Me, I’ve always heard it most distinctly in 2002’s ( ). Sigur Rós practically piss angelic bombast, but they’ve also shown a tendency to complacently ride that bombast until their music fades prettily into the abyss (most egregious offenders: 2012’s Valtari and the nice-but-glacial Agaetis Byrjun). The Parentheses Album is one of the few times there’s been an identifiable darkness to Sigur Rós, an edge that pushed their grandiosity from impressive to awesome, a terrible and fantastic menace that changed the character of the Icelanders from otherworldly androgynes to horsemen of the apocalypse. This darker quality drenched the vastly underrated second half of that record (the close-parentheses, if you will) and was left largely in the dust as the band fell in love with joy. The mid 2000s found Sigur Rós wedded to producing blinding spurts sunshine, which helped pushed them into the mainstream, but Takk and that album no one can pronounce ran that into the ground somewhere around the 9th minute of “Ara Batur,” leaving Sigur Rós something akin to the Coldplay of post-rock: tremendous, important, and hardly worth thinking twice about.

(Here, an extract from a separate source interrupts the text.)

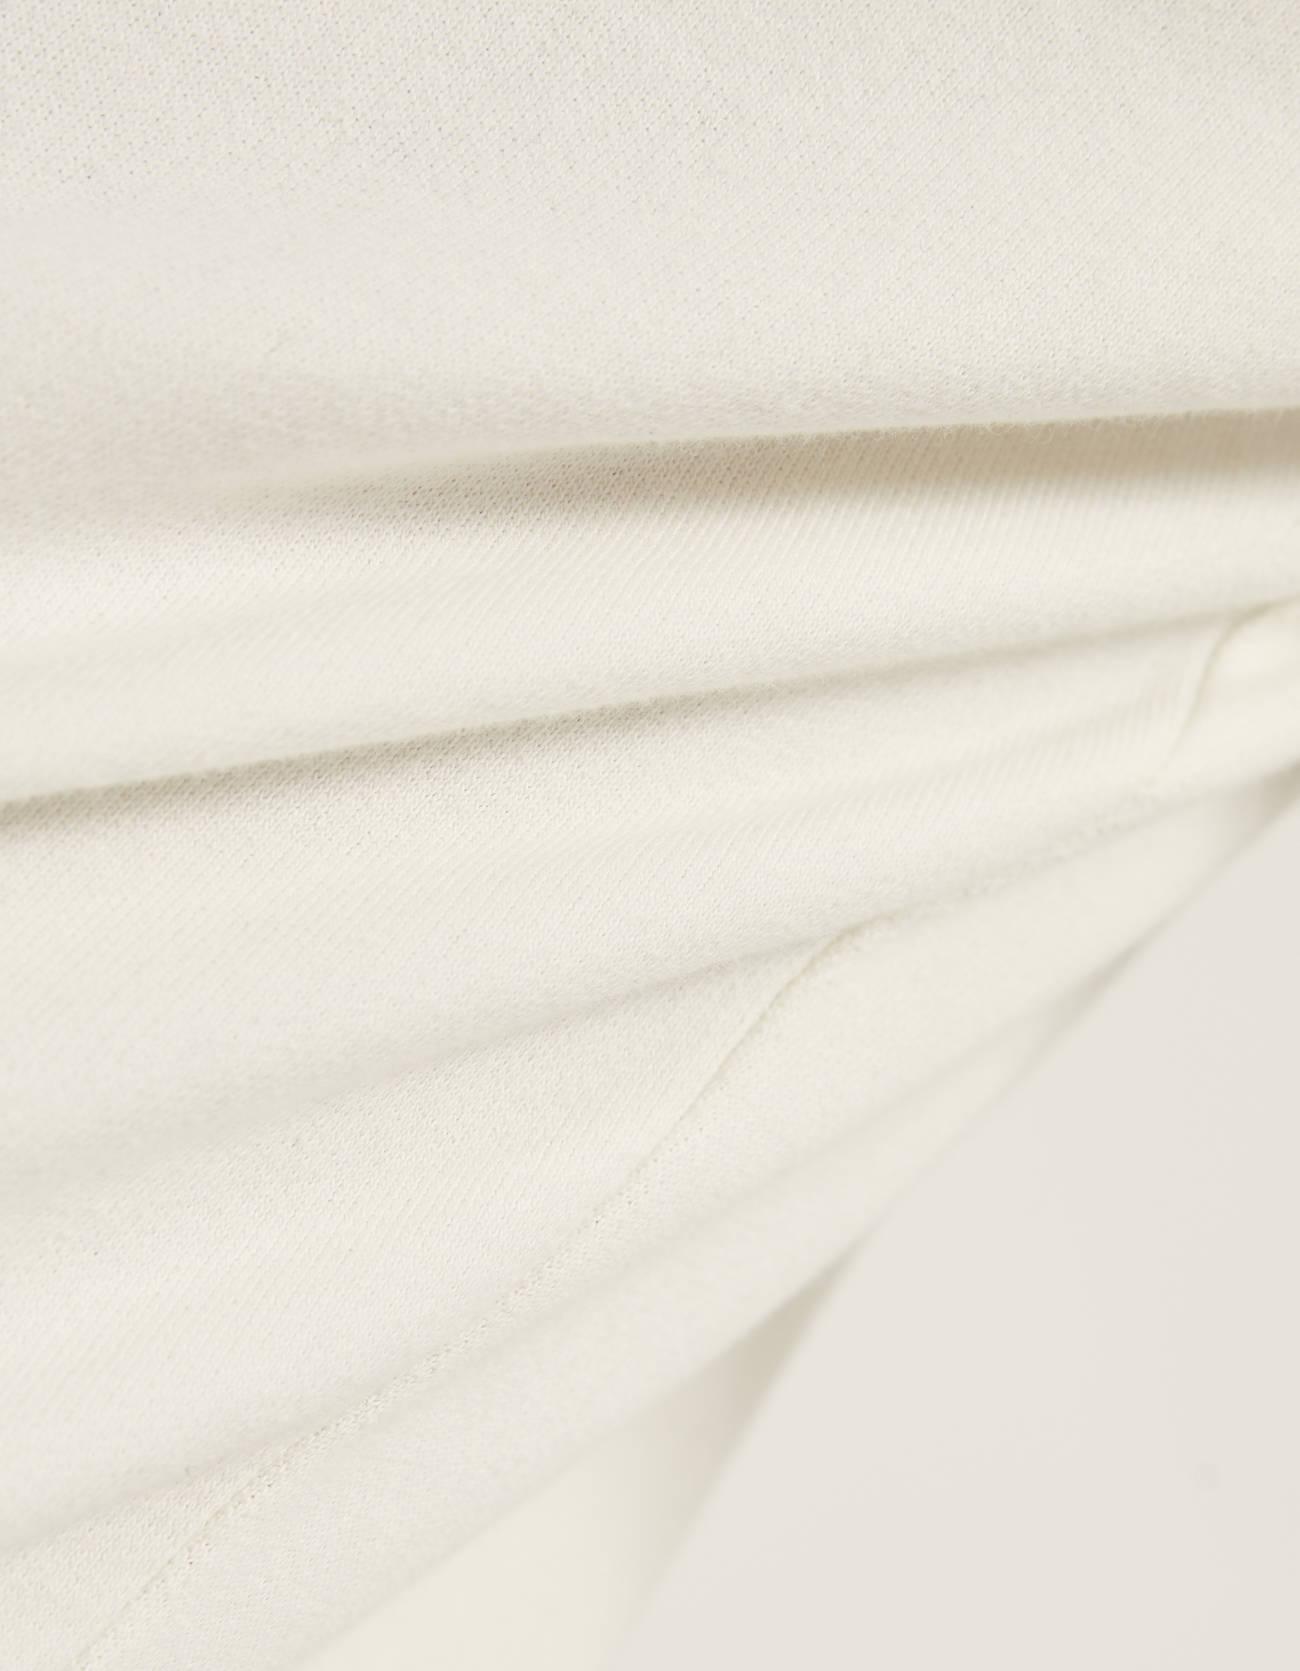 Брюки джоггеры в стиле карго из мягкой ткани Бежевый Bershka

In short, it’s been years since Sigur Rós were the stuff of legend; in the span between Takk and Valtari, they’ve moved closer to the realm of mom rock than post rock, and their moment, while a wonderful memory, is growing distant in the hindsight. I’d be stunned if Kveikur sparked a Sigur Rós resurgence. It lacks the life-changing quality of, say, “Vaka,” if only because the Sigur Rós template is so familiar by this point. Bowed guitar, choir-boy vocals and the word “ethereal” are all present on Kveikur, but even though it probably won’t take the world by storm as Takk did, it is absolutely the first Sigur Rós album in nearly a decade that demands attention.

The reason for this is simple: their edge is back. It’s immediately discernible in the sneering feedback that ushers in “Brennisteinn.” The way the song trudges through a dark minor key, the reverb on Jónsi’s vocal placing him on a windy mountain peak somewhere, and those motherfucking drums—it’s as insistent a call to attention as Sigur Rós have ever sequenced at Track 1. Not because it’s new, but because it’s a recollection of that signature Sigur Rós essence, where they not only have the prettiness but the purpose.

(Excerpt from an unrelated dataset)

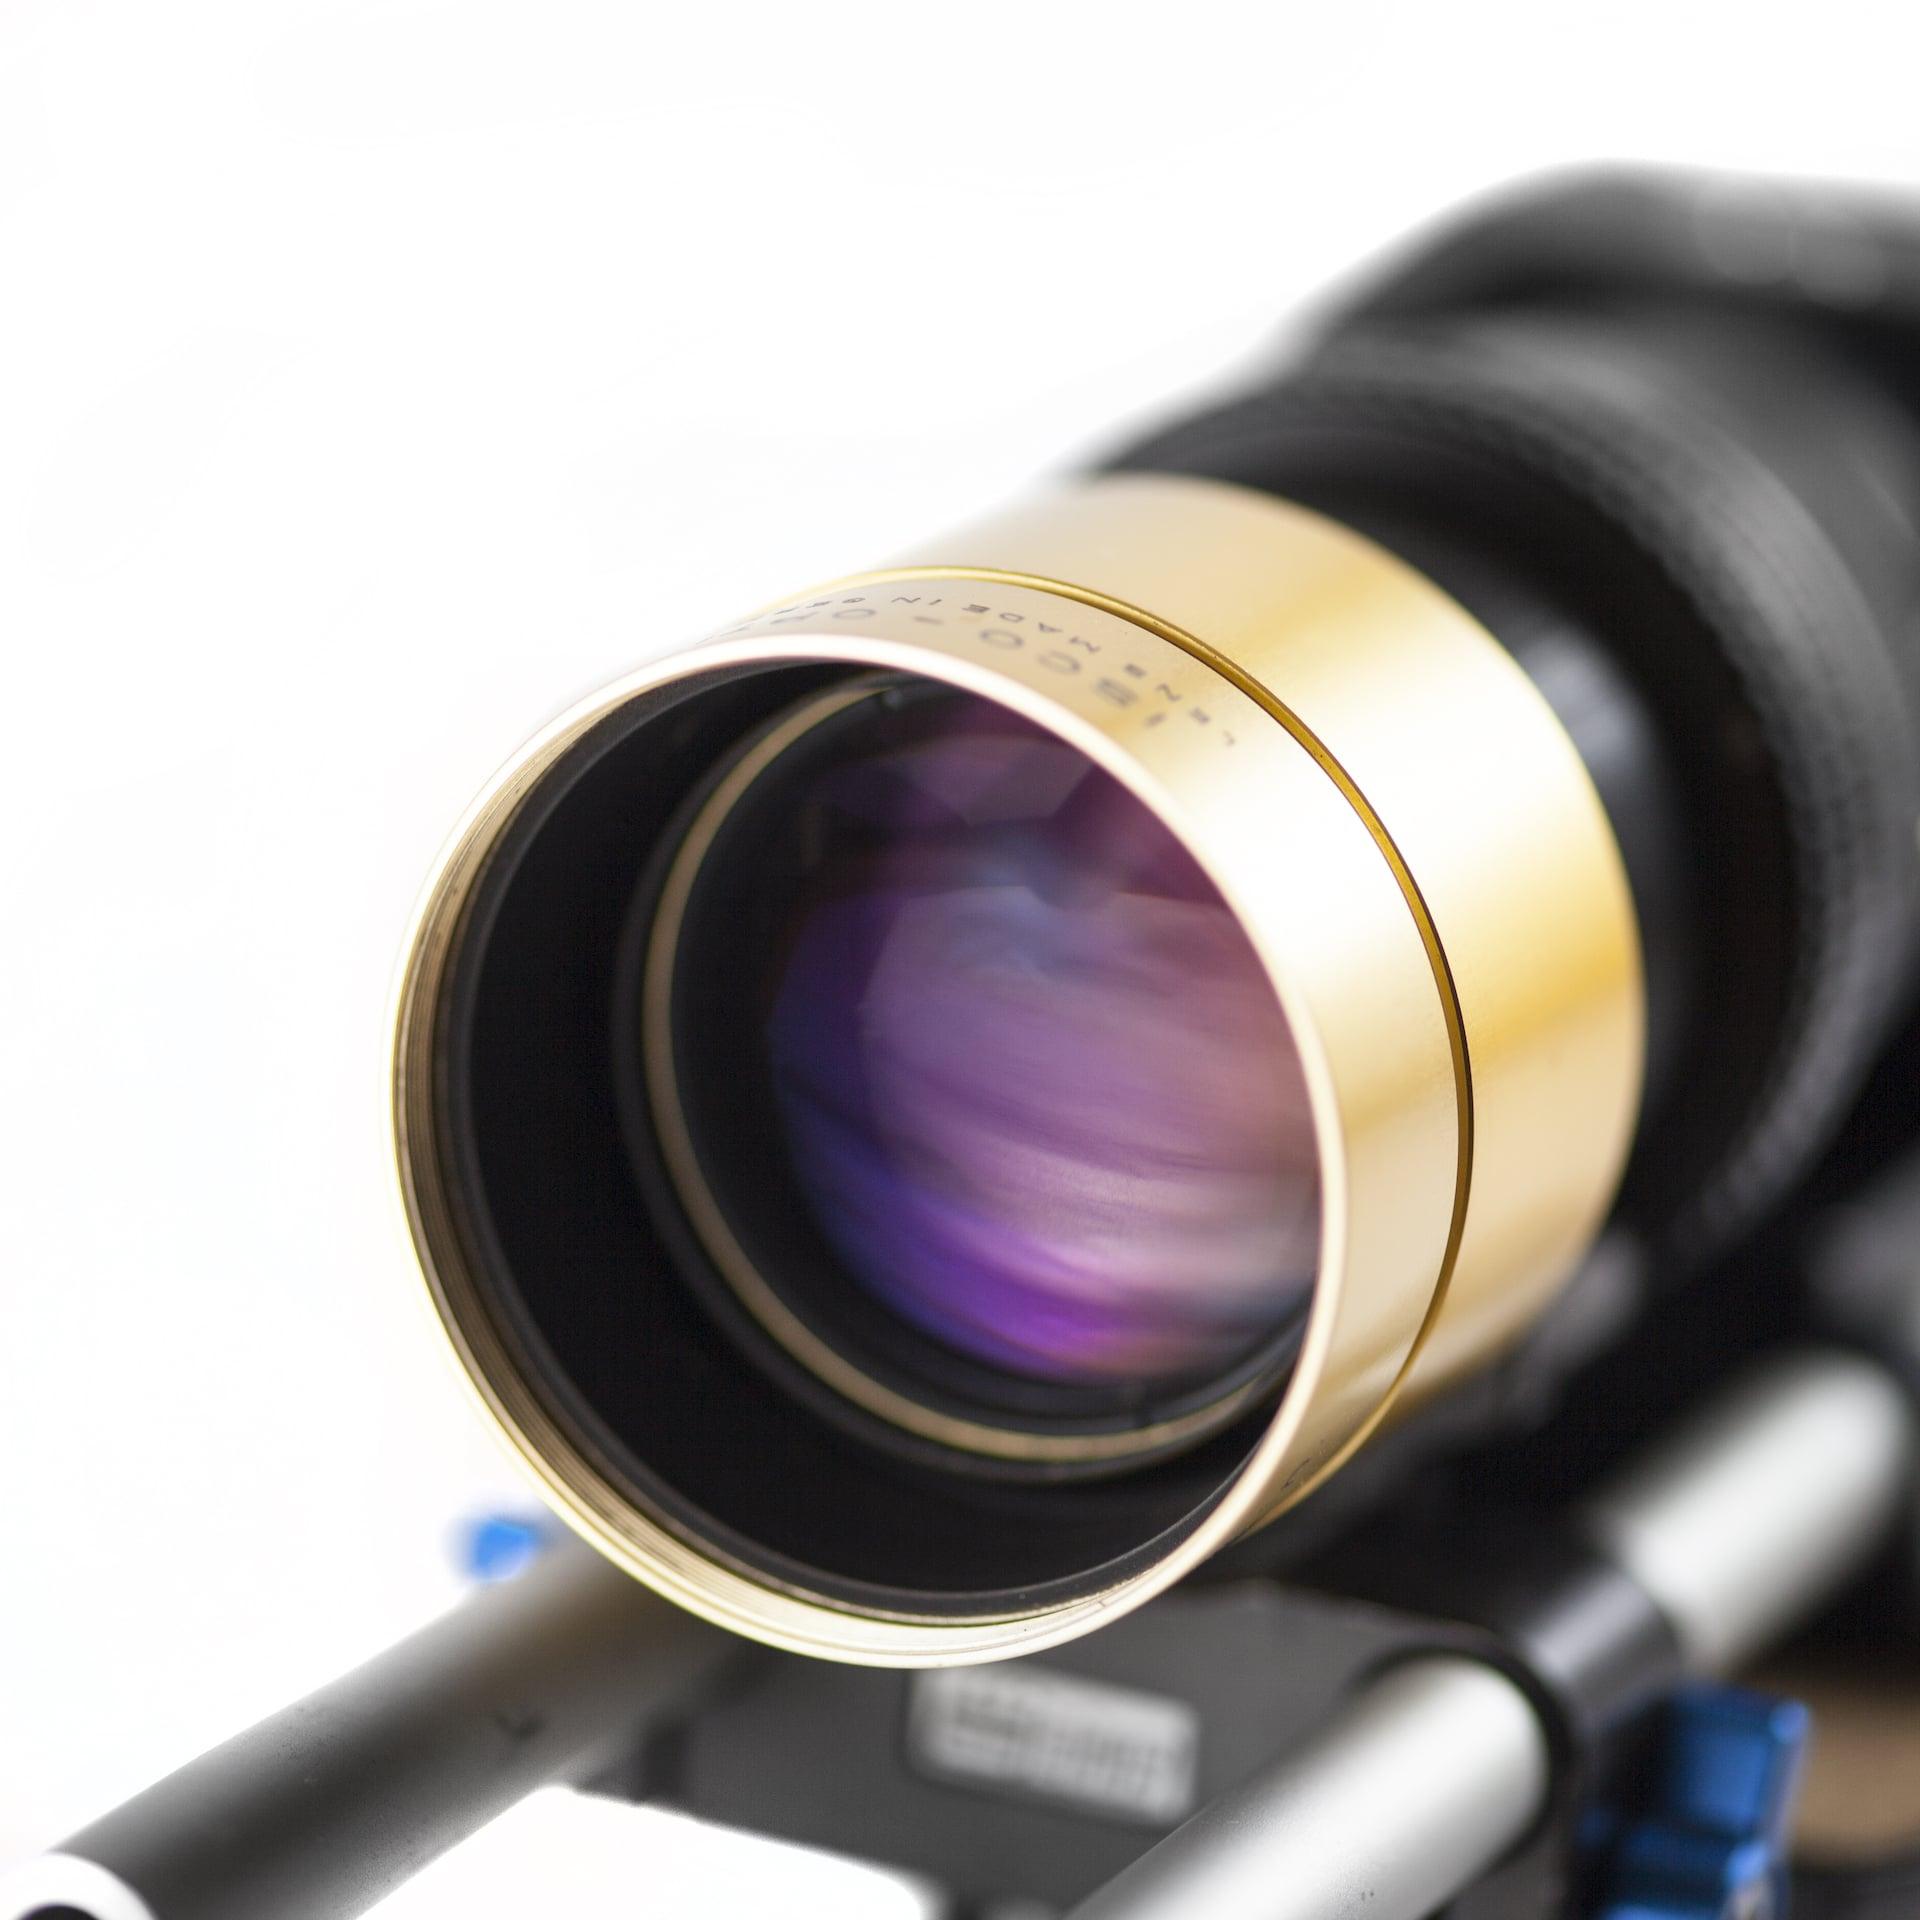 Cinema Prime Lens

It’s a sound that’s vital and demanding and of course, not totally sustainable; this being Sigur Rós we’re talking about, obviously a fair amount of the album tends towards the peppy, major-chord end of the spectrum. But even when they’re not as outright menacing as they are on “Brennistein,” the production of the record keeps it from going down as cleanly as some of their more blasé efforts. There’s a hiss to Kveikur that manifests as a warped filter on Jónsi’s voice or as a bass riff given blown out distortion; peep the title track, which is drenched in such EQ-busting malice it recalls the almost-industrial pulse of Have a Nice Life, of all people.

The sound keeps things distant in a way that shirks kitsch, or at least calls attention to the gorgeousness of the songs in a new, interesting way. “Ybirford” introduces almost as an interlude, all slow strings and warped vocals, but those warped vocals become a beautiful foil to Jónsi’s sigh as the song blossoms into a moderate anthem. And while we’re speaking of drums, the crashes towards the end have to be on a garbage pail or something, and it fits so well. Never has the act sounded this willing to avoid sounding pretty. It’s as though they adopted the spirit of experimentation found in their previous two records and finally wove it into what they do best, coming up with a sound that’s at once refreshingly original and entirely familiar.

Which ought by all rights make it a treat for fans. Kveikur is a proclamation by Sigur Rós that they haven’t forgotten how to kick. They still know how to attack, in ways that insist you listen rather than exist whether you choose to care or not. As the world had seemingly nearly begun to shift towards the latter, Kveikur is absolutely necessary.